7 pointsby batelsa month ago7 comments
  • atmosxa month ago
    We use Doppler reminders (secrets manager SaaS - no affiliation, it’s just a tool) and Slack reminders for team notifications.

    Additionally, we use long and detailed commits that act as “howTos” when manual actions is required - we just link to the commit SHA1 even though we have notion. Git docs are evolving more naturally alongside the code. Now ofc with AI fairly high quality docs can be generated and updated automatically.

    • batelsa month ago
      Makes sense.

      Keeping docs close to the code has worked well in my experience too.

  • brownfincha month ago
    Our team uses two methods to help with manual but not yet automated tasks.

    1) Slack Workflow - used to remind us for recurring but not "have to do right away" tasks. Each of us adds a reaction when they complete the task 2) Recurring calendar invite - for important "must do" tasks where we invite the whole team.

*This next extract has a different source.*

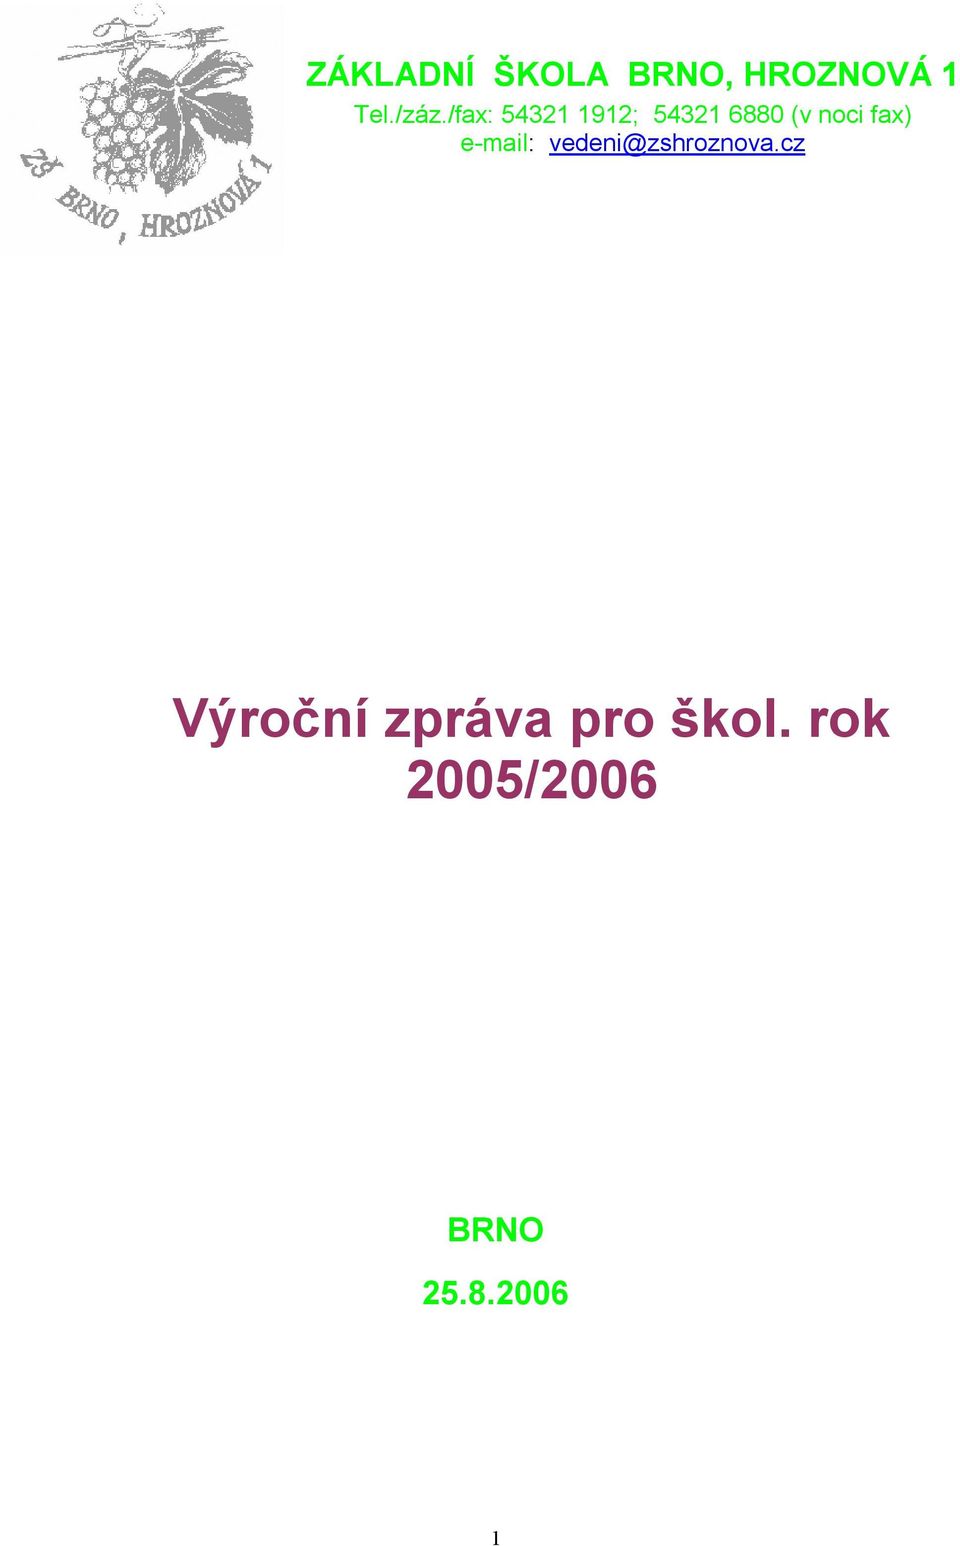 e-mail: vedeni@zshroznova.

The 'owner' will accept the meeting

    Being a small team means we each look out of each other, so we kindly remind each other when things could slip through the cracks.

    • batelsa month ago
      I’ve seen similar setups work well in small teams, especially when people actively look out for each other.
  • cpacha month ago
    For recurring and future tasks that are not automated and is not tracked by any other process I have a page in Confluence Cloud. It contains a table where one column has the due date and the other column a short description of the task. Then I have a weekly reminder that reminds me to look at this page.

    If it’s time to do the task but it’s so big that I cannot do it directly I will create a Jira ticket for it.

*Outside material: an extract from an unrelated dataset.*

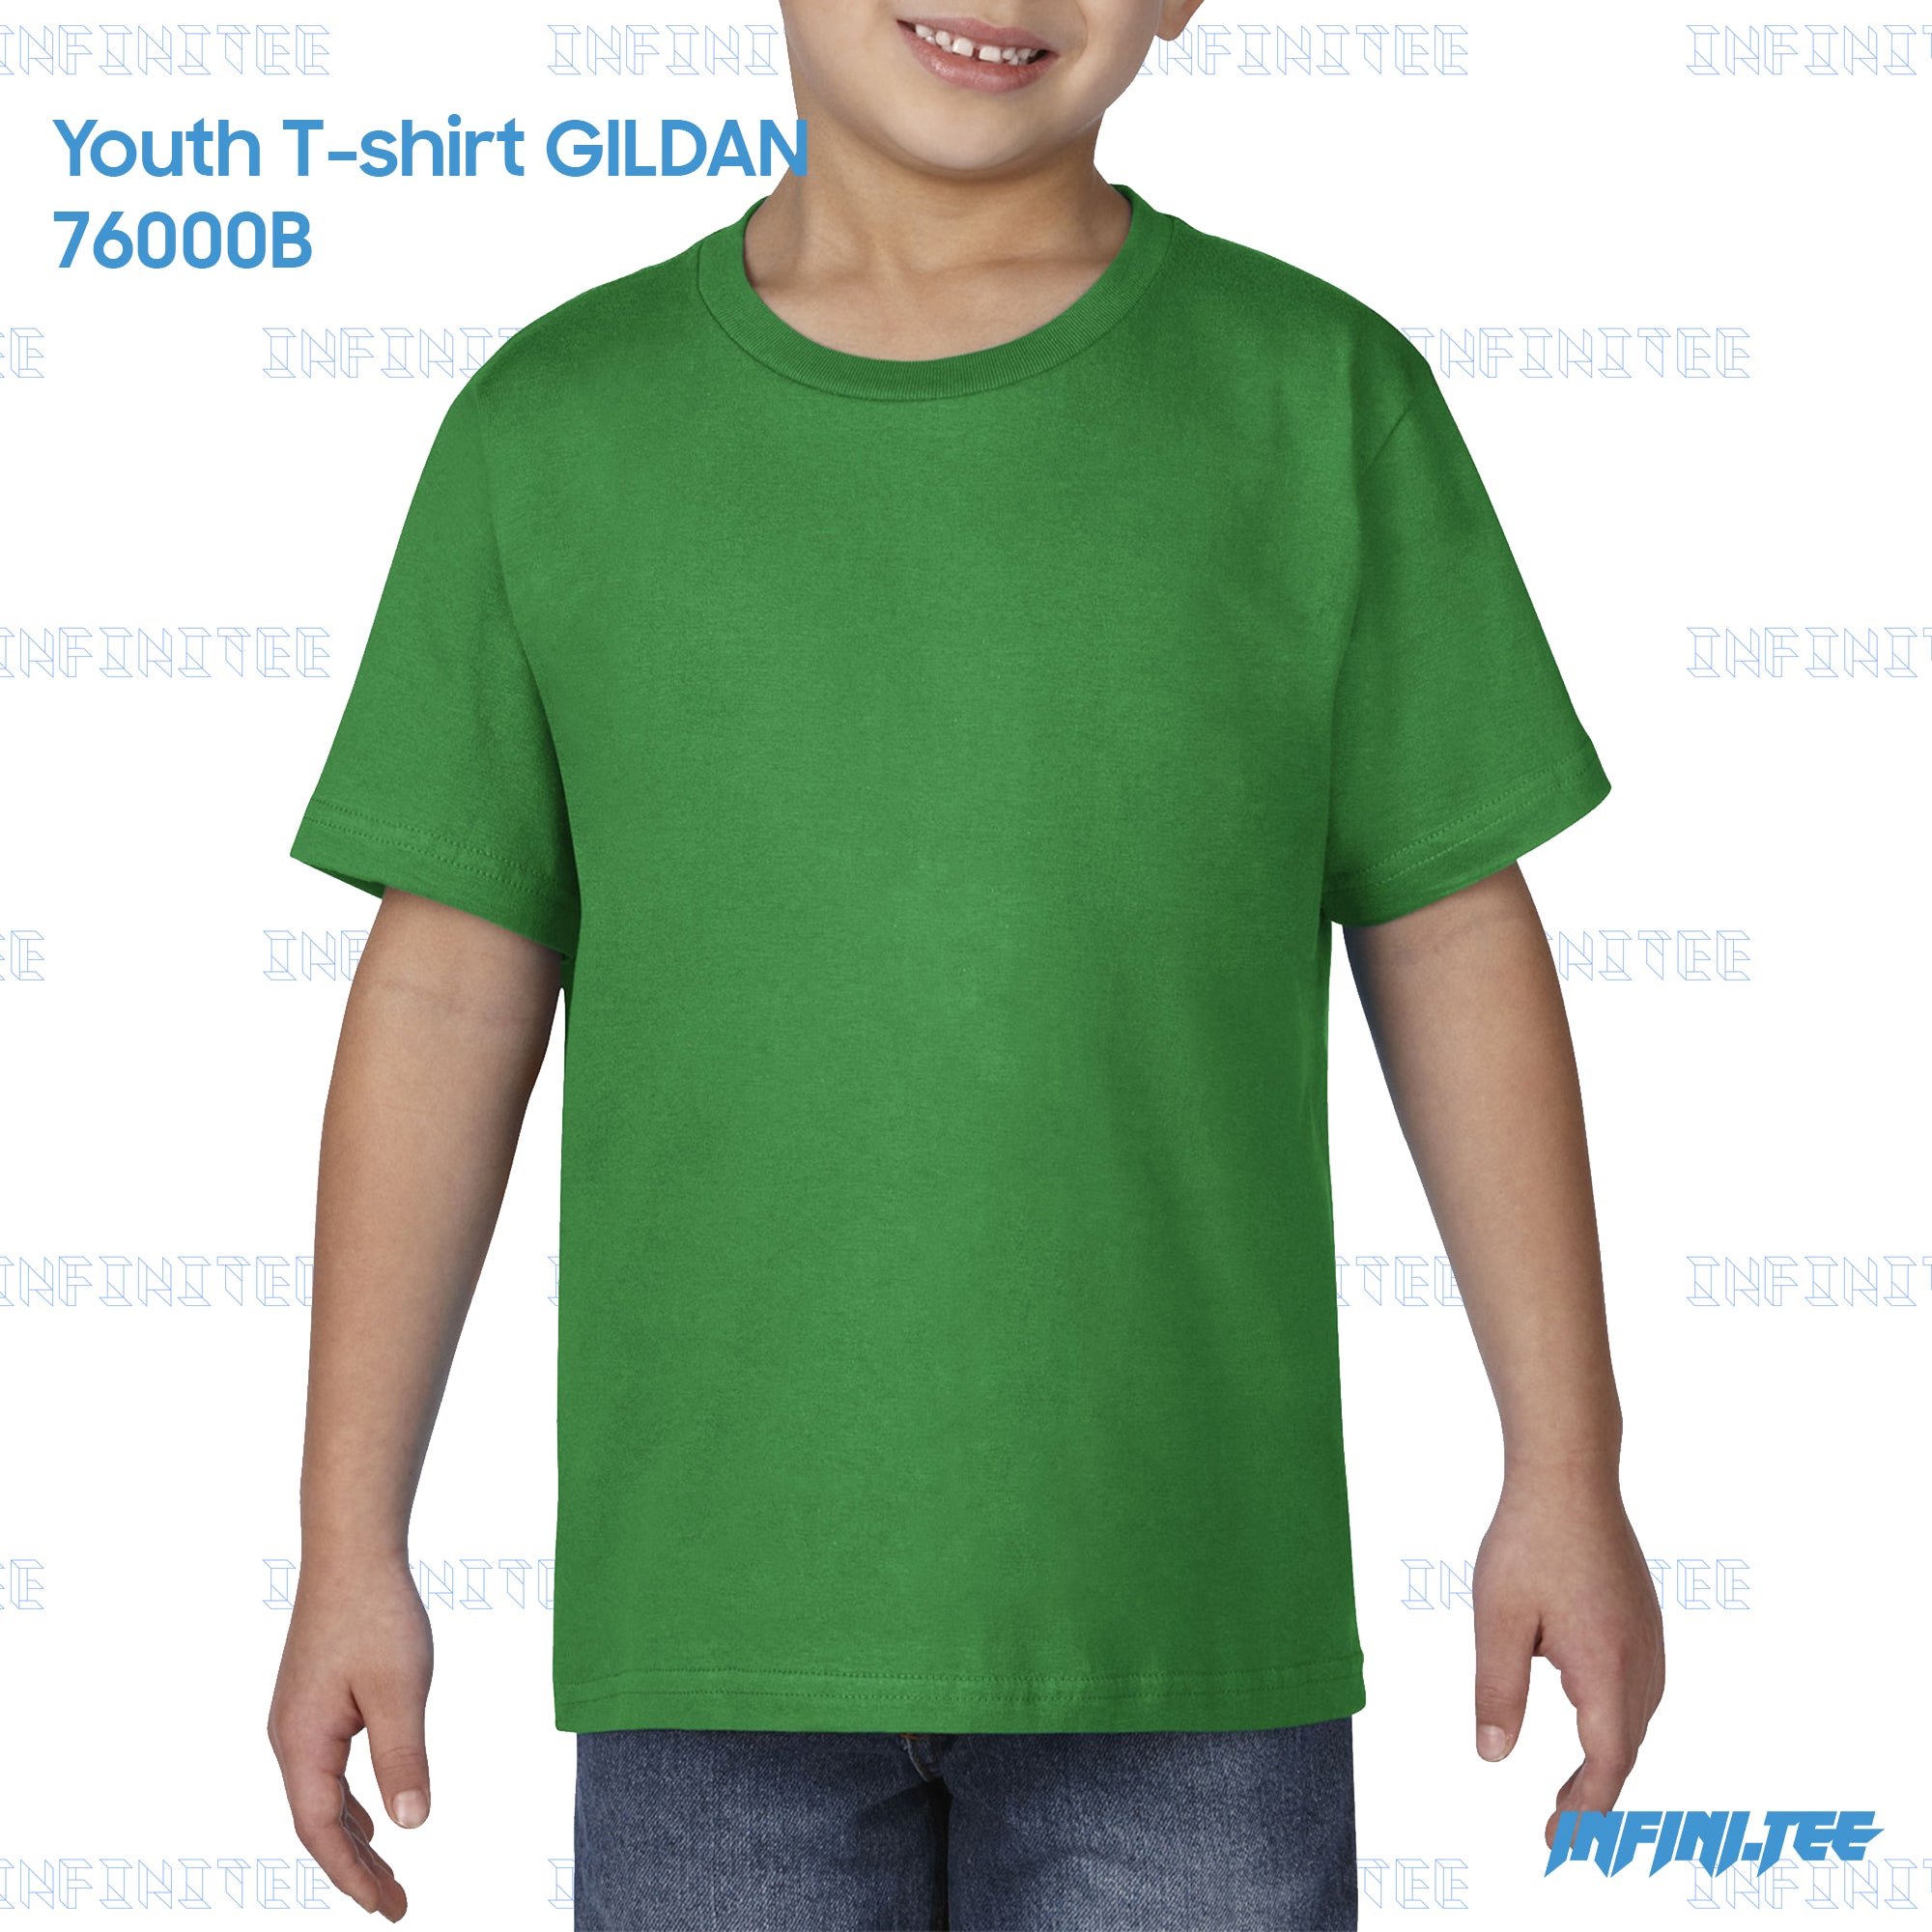 Youth T-shirt 76000B GILDAN - IRISH GREEN

    When the task is done I either remove it from the list, or bump the due date if it’s a recurring task.

    • batelsa month ago
      This works well as a personal system.

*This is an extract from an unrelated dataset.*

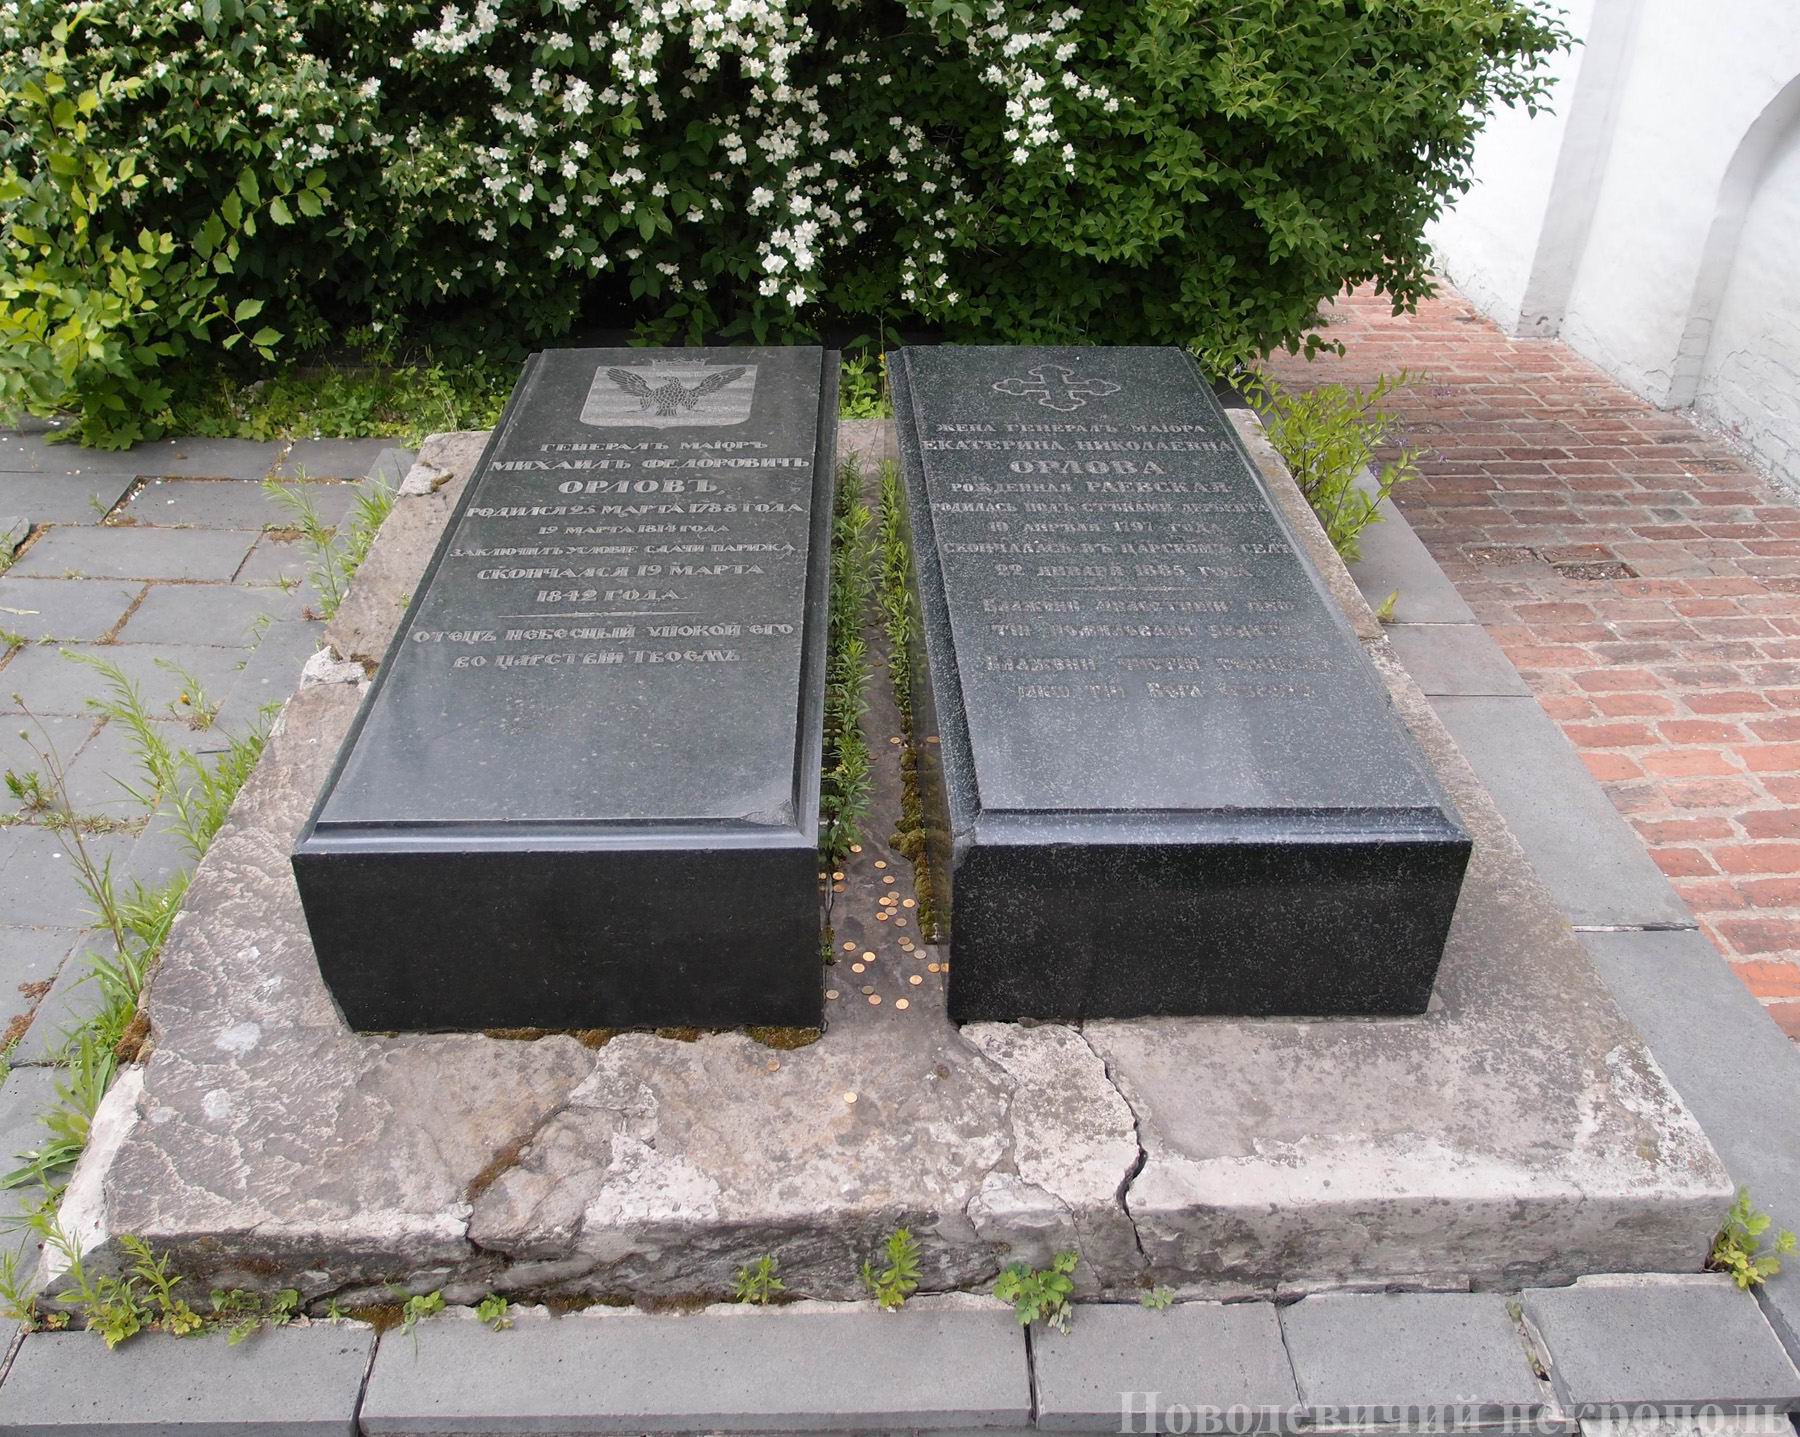 Памятник на могиле Орлова М.Ф. (1788-1842), в Новодевичьем монастыре. Нажмите левую кнопку мыши, чтобы увидеть фрагмент.

      The cases I’ve been thinking about are team-level recurring tasks, where execution and ownership need to be visible beyond a single person.

  • scrapheapa month ago
    Where possible automate them!

    From my point of view the power of automation for recurring tasks is less to do with time saved, and more to do with making sure that it will get done and be done the same way every time.

    Bonus tip: log the outputs of automated tasks when they run, but only send out notifications of errors - that way you don't train staff to ignore the notifications from the task just because they see it every time the job runs, and instead seeing a notification from it is rare, so they know they need to investigate.

    • batelsa month ago
      Strongly agree. Automation is the ideal outcome whenever possible.

      What I keep running into is the gray area between "can’t be automated yet" and "shouldn’t be automated". Things like reviews, checks, approvals, or manual verifications.

      The notification fatigue point is especially real. If everything notifies, nothing gets attention.

      Do you usually treat non-automatable tasks as exceptions, or do you still rely on routines / trust for those?

      • scrapheapa month ago
        As a team we use Kanban, so everything being worked on gets a ticket and we walk the Kanban board every morning. So if a task is waiting for someone to review it, then it gets highlighted to the whole team each morning. If a task is blocked until something else happens then it gets highlighted to the whole team.

        Walking the board feels a bit awkward and slow at first, but after a few weeks you find that it takes very little time. It certainly works well for us.

        • batelsa month ago
          That makes sense.

          I’ve mostly been thinking about lower visibility recurring tasks that don’t always make it onto a board.

  • codingdavea month ago
    If your team is small, it must be people who are organized and trustworthy enough that you don't need to micro-manage them and track their work. If you find things are slipping through the cracks, you don't have the correct small team. The key hiring focus when you are that small is: "Is this person good enough that I can simply tell them to get it done and it will happen, so I can go work on other things?"
    • batelsa month ago
      I agree this works well for one-off or high-signal tasks.

      Where I’ve personally seen friction is with recurring, low-visibility work.

      Things people fully intend to do, but that don’t produce immediate feedback.

  • mindcrasha month ago
    We used to track and plan this ahead in a shared weekly schedule, together with feature work and assignments.

    Any good (agile) collaboration system supports this. We did this succesfully in Azure DevOps and GitLab, for example.

    • batelsa month ago
      That makes sense.

      Did it still feel lightweight enough for very small, administrative routine tasks?

      • mindcrasha month ago
        Yes, something like "Update soon to be expired SSL certificates" as a task with a deadline in the weekly planning.

        The ops team then could assign the task to themselves whenever they were ready to execute. And as a manager it made tracking and follow up a lot easier.

  • grugdev42a month ago
    This might sound crazy, but cronjobs which send emails!

    A simple email reminder will suffice for most things. Assuming you have good employees, they just need gently prodding. :)

    • batelsa month ago
      Agreed, cron + email is very effective.

      The only thing I’ve seen missing sometimes is an explicit acknowledgement, so later you don’t have to rely on memory.